Nevertheless, I accepted the job – my first salaried position – with all the confidence of someone with no clue what they were doing. I soon realized what I had learned in college was not going to apply to the work world. I had to learn new skills and new programming languages, and how to work on real projects with real people and real deadlines. By the time I left that job, I had changed technologies so many times that my resume looked like alphabet soup.
Over the next few years, through the Y2K hysteria, the dot-com bubble, the 9/11 terrorist attacks, disastrous accounting scandals, and any number of mergers, acquisitions, and selloffs, I was forced to take new jobs at new companies, and learn new programming languages at a furious pace. The companies shut down, closed offices, changed ownership; jobs evaporated. I would usually receiving my walking papers about the same time I was hitting my stride. Finally, during the height offshoring trend, I grew tired of learning the latest technology, only to be underbid six months later by firms overseas.
I decided instead to learn everything I could about the offshoring process my employer was undertaking. I learned how to train across cultural barriers and traveled to India as a trainer. When I took a new role in business analysis and systems design, I had to learn to understand and give instructions to people rather than computers. When I grew restless from the repetition of the process, I started a Toastmasters club at the company and was soon promoted to manager of my team. I knew nothing about management, but read enough leadership books to keep both the club and my team running smoothly until my department was later eliminated.
My next move was inevitable: I became A Consultant. Consulting is an exercise in perpetual imbalance. Every company’s culture, business model, processes, technologies, politics, and expectations were different. I enjoyed moving from challenge to challenge, and I got accustomed to always being “new.” Soon I was asked to mentor and manage others in my firm. I got an award and everything. It was pretty cool.
But on a long-term consulting project, I began to feel restless again. When someone approached me about an open management position at the insurance company where I was assigned, I jumped at the opportunity to learn a new aspect of the business. Saying “I work in Insurance” was difficult at first. I felt like a fraud! I had so much to learn about insurance and the claims processes I was supporting. I started taking classes for The Institutes Associate in Claims (AIC™) and Associate in Management (AIM™) designations. I soon began to feel comfortable in my ability to lead the analysts on my team, and then realized that I had stopped growing in the role.
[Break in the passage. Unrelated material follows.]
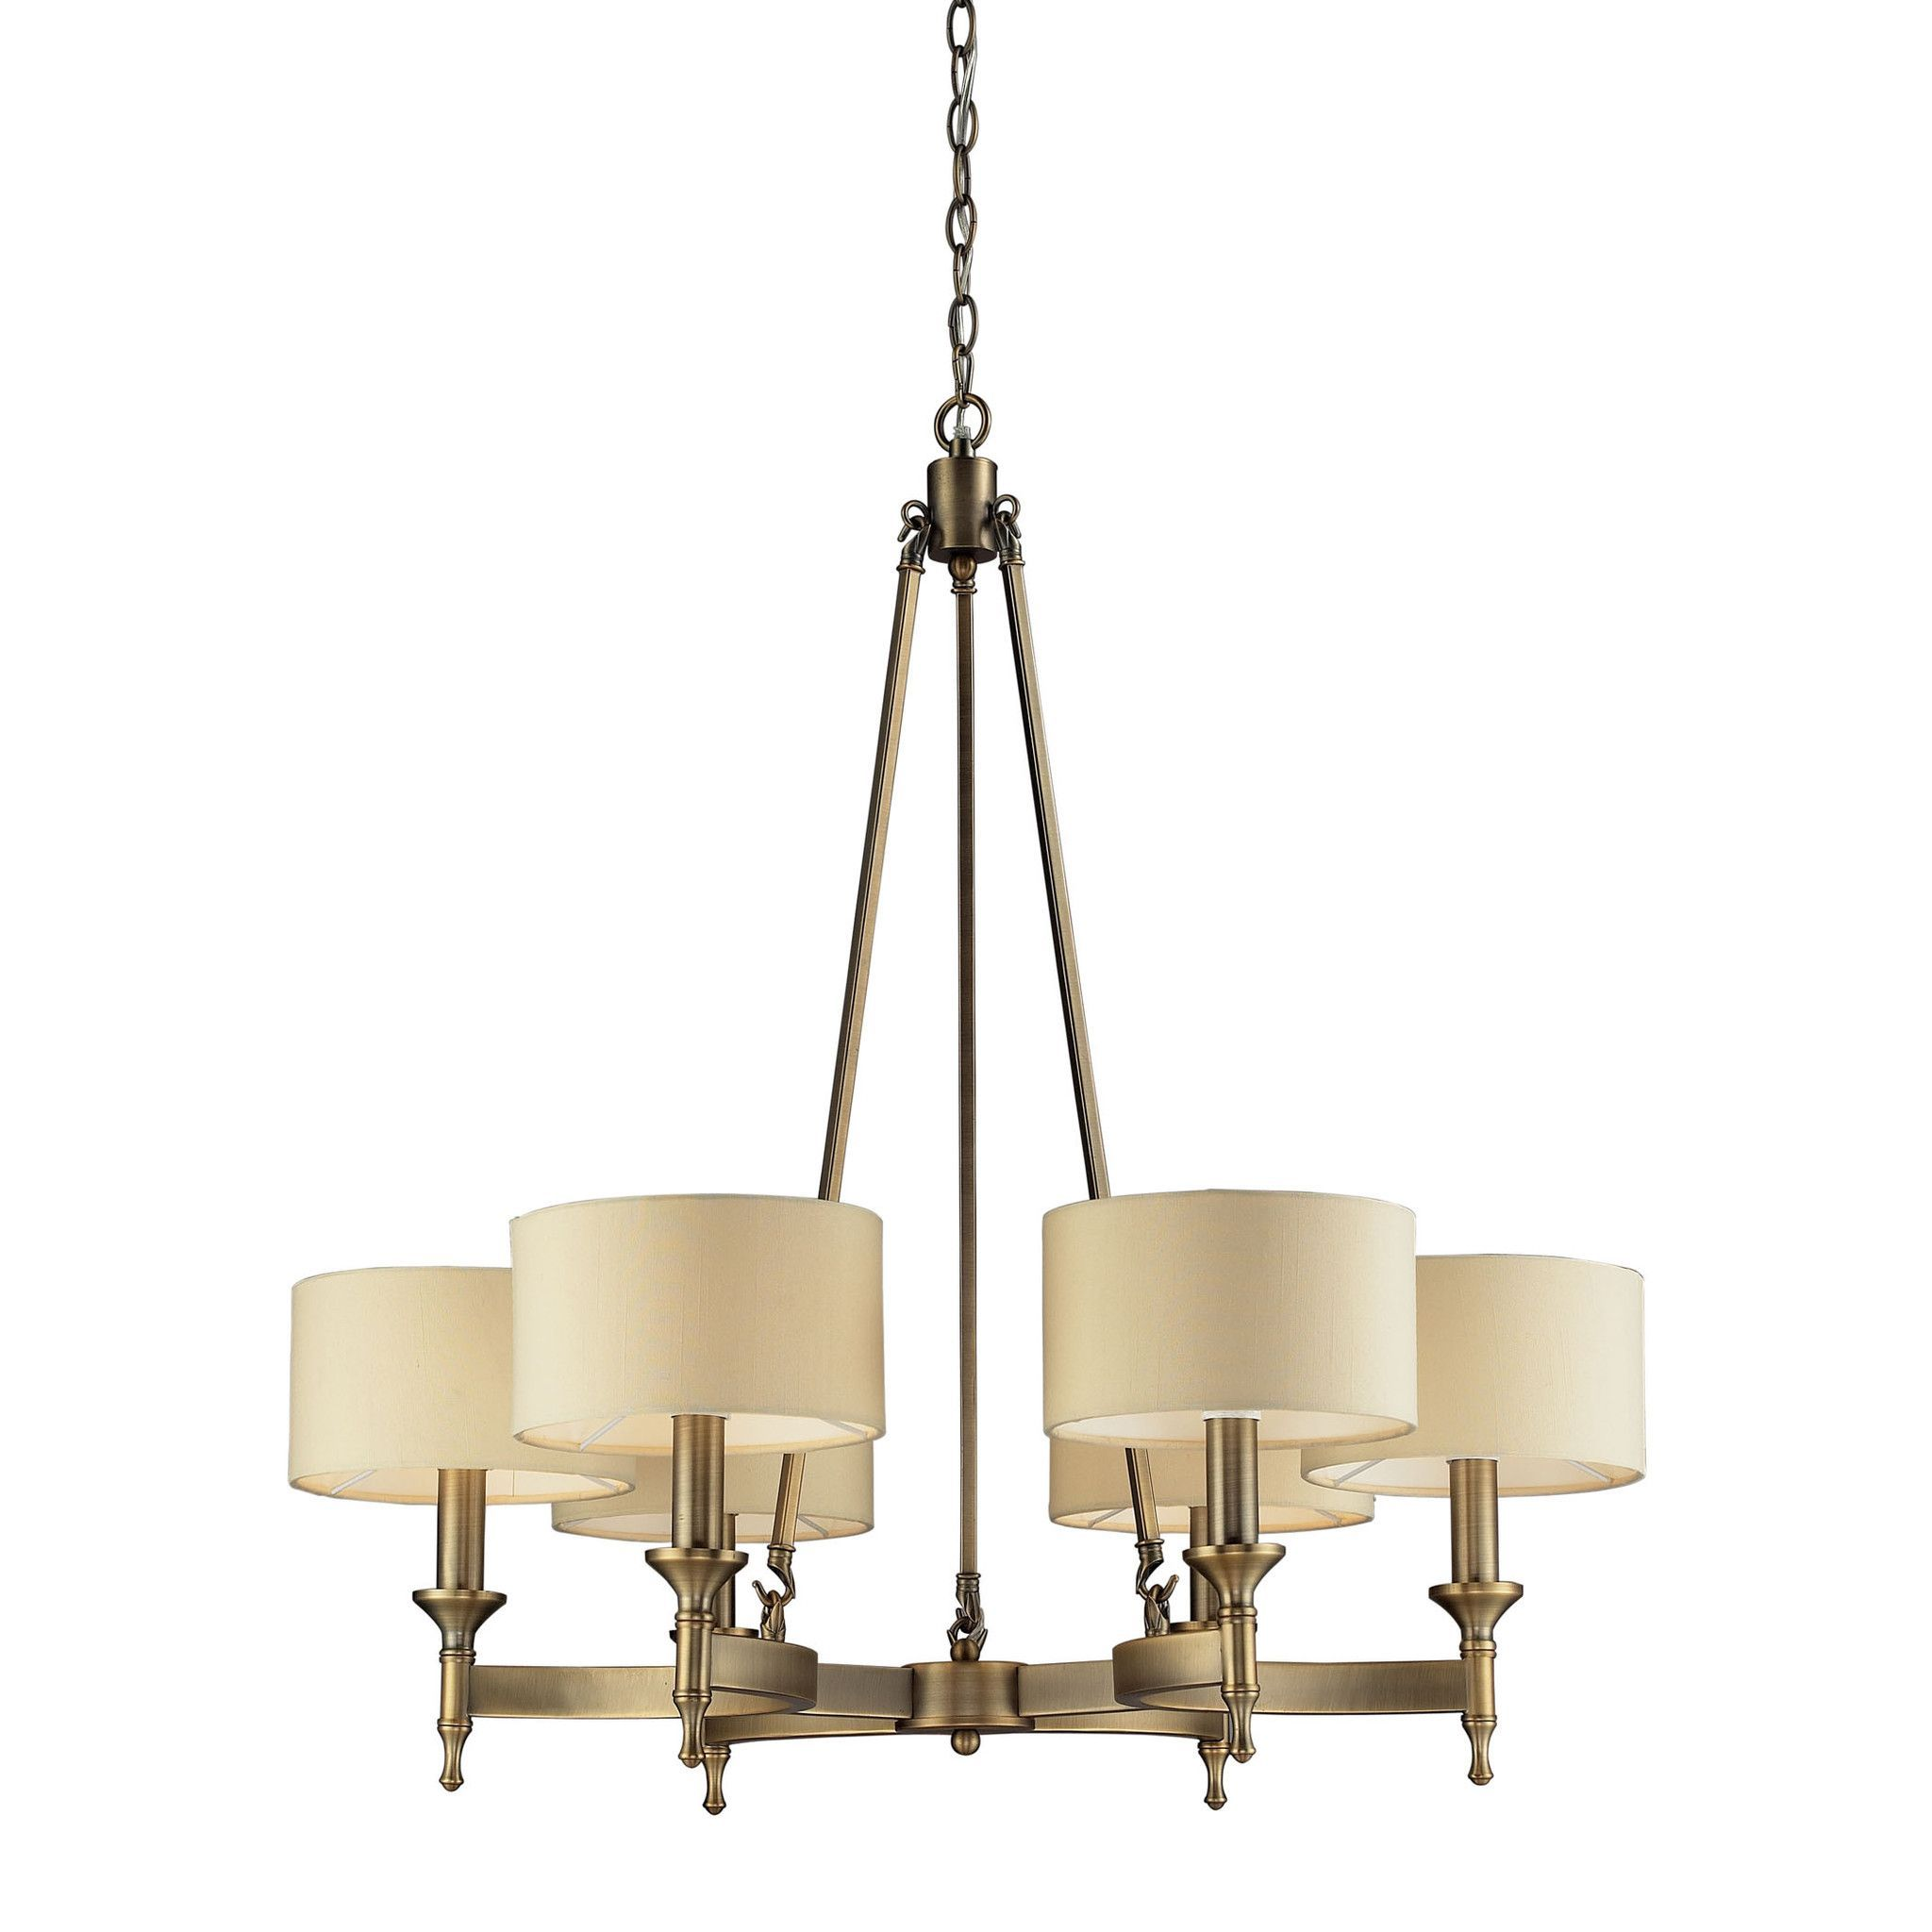 6 light chandelier in antique brass antique brass chandeliers 6 light chandelier in antique brass arubaitofo Images
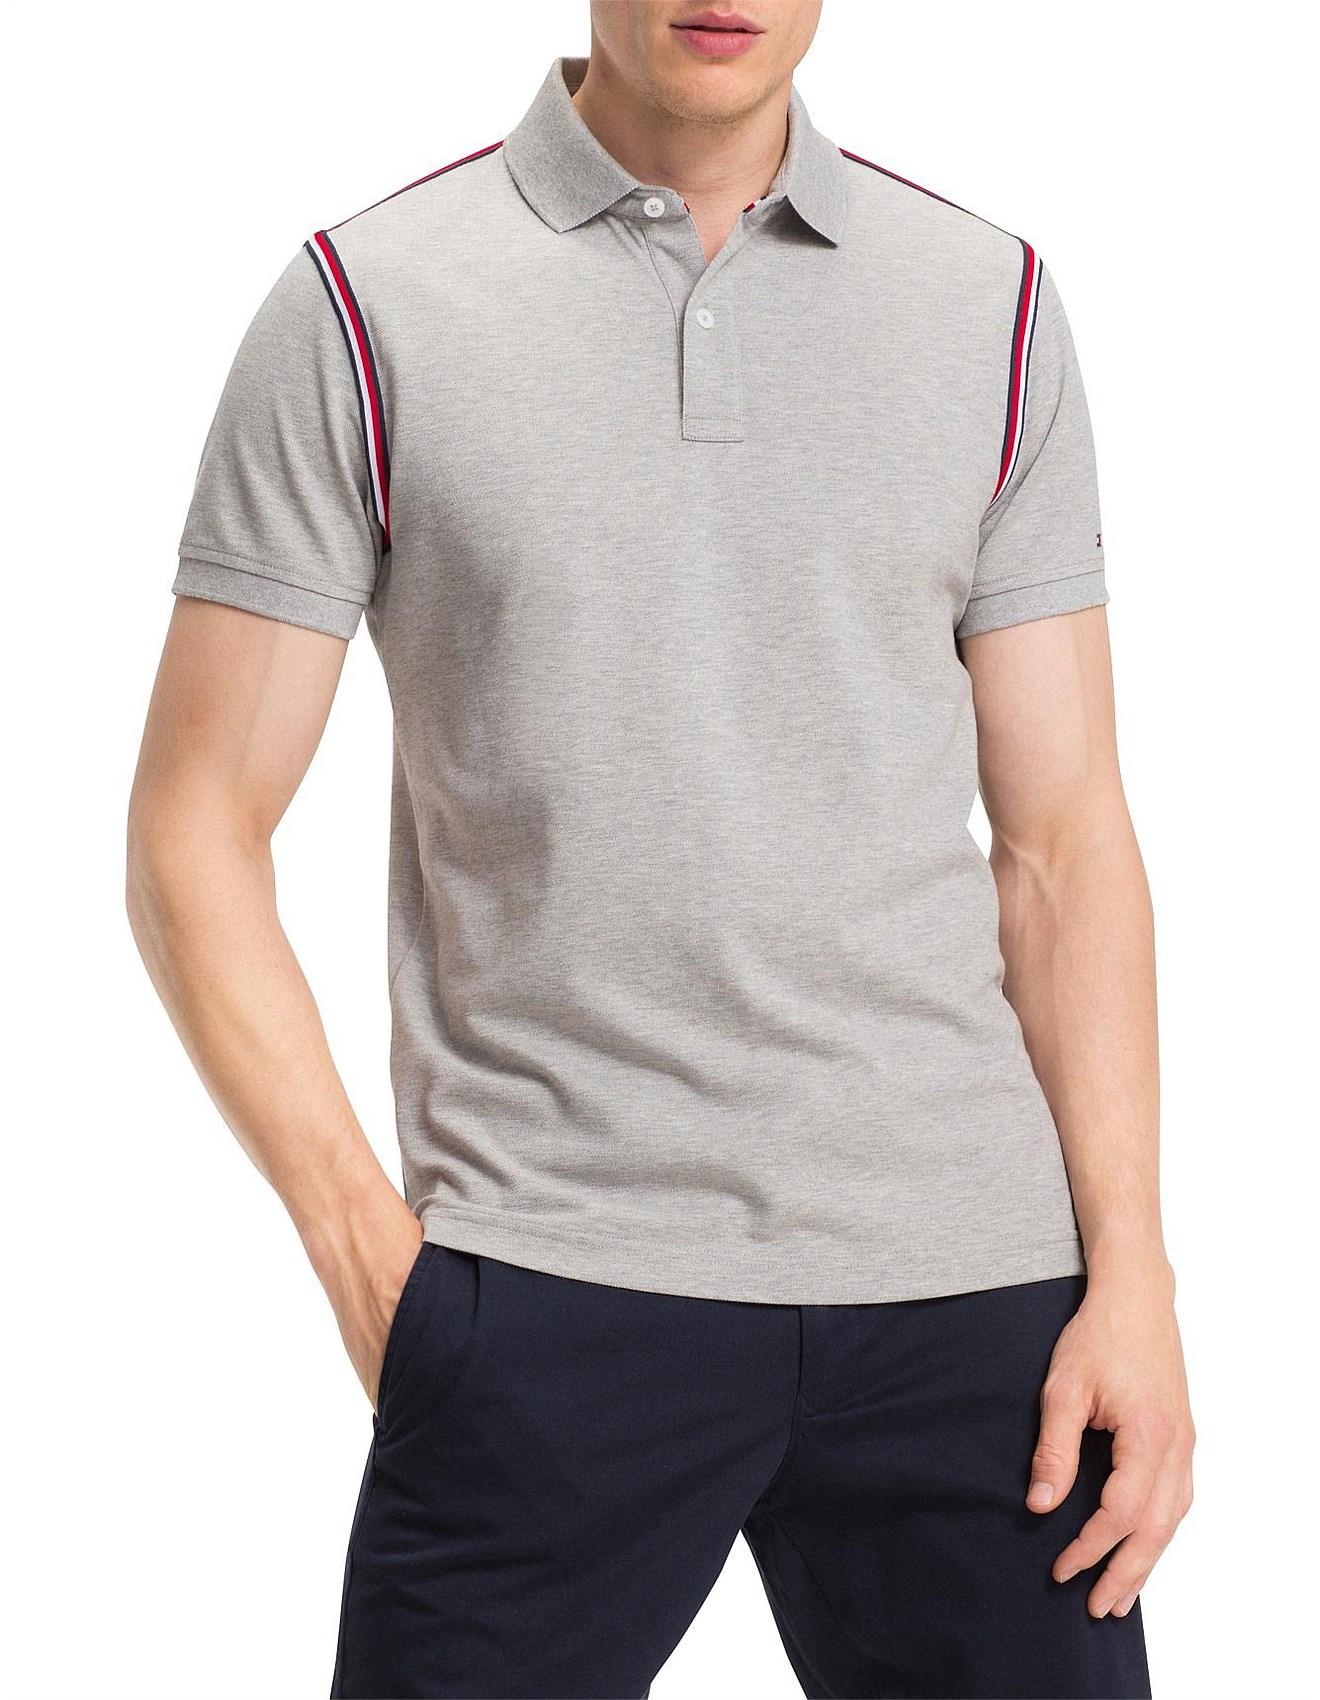 191680a7 Men's Polo Shirts | Buy Polo Shirts Online | David Jones - TOMMY TAPE SLIM  POLO

After a brief internal job search, I was fortunate to accept a director position within the company’s underwriting systems department. I didn’t know what underwriting meant at the time. I had responsibility for user support and change management, two functions I had heard of, but never managed. I read everything I could, sat with experienced underwriters, and completed Prosci’s Certified Change Management Professional (CCMP) program and began working on my CPCU® designation. I relied on my team to help me navigate the vocabulary and the politics. They were gracious and energetic. Together we accomplished so much that within a couple years I felt had worked myself out of a job.
Now I was in yet another new role with my company, supporting advanced analytics and data science teams. The hiring manager assured me that understanding the job description wasn’t a requirement for the position. I passed about a dozen interviews, got the job, and actually calculated the odds that that many smart people could all be wrong about the same thing at the same time. I’ve spent the last year reading books about data management, predictive modeling, actuarial science, and insurance finance. It has been difficult and exhilarating, and I still have so much to learn. But at the beginning, before I even knew what questions to ask, I wondered whether I should have taken the job at all.
All this history played through my mind in the instant my husband said “You’ve only ever had two jobs.” I stared at him in disbelief. I heard myself say, “TWO JOBS?!? What do you mean I’ve only had two jobs? I’ve had dozens of jobs. In fact, this is my third job at this company alone. And do you know how many companies I’ve worked for?”
“No,” he repeatedly confidently, “you’ve only ever had two jobs: ones you’re learning, and ones you’re bored with.”
Turns out my husband knows me better than I know myself.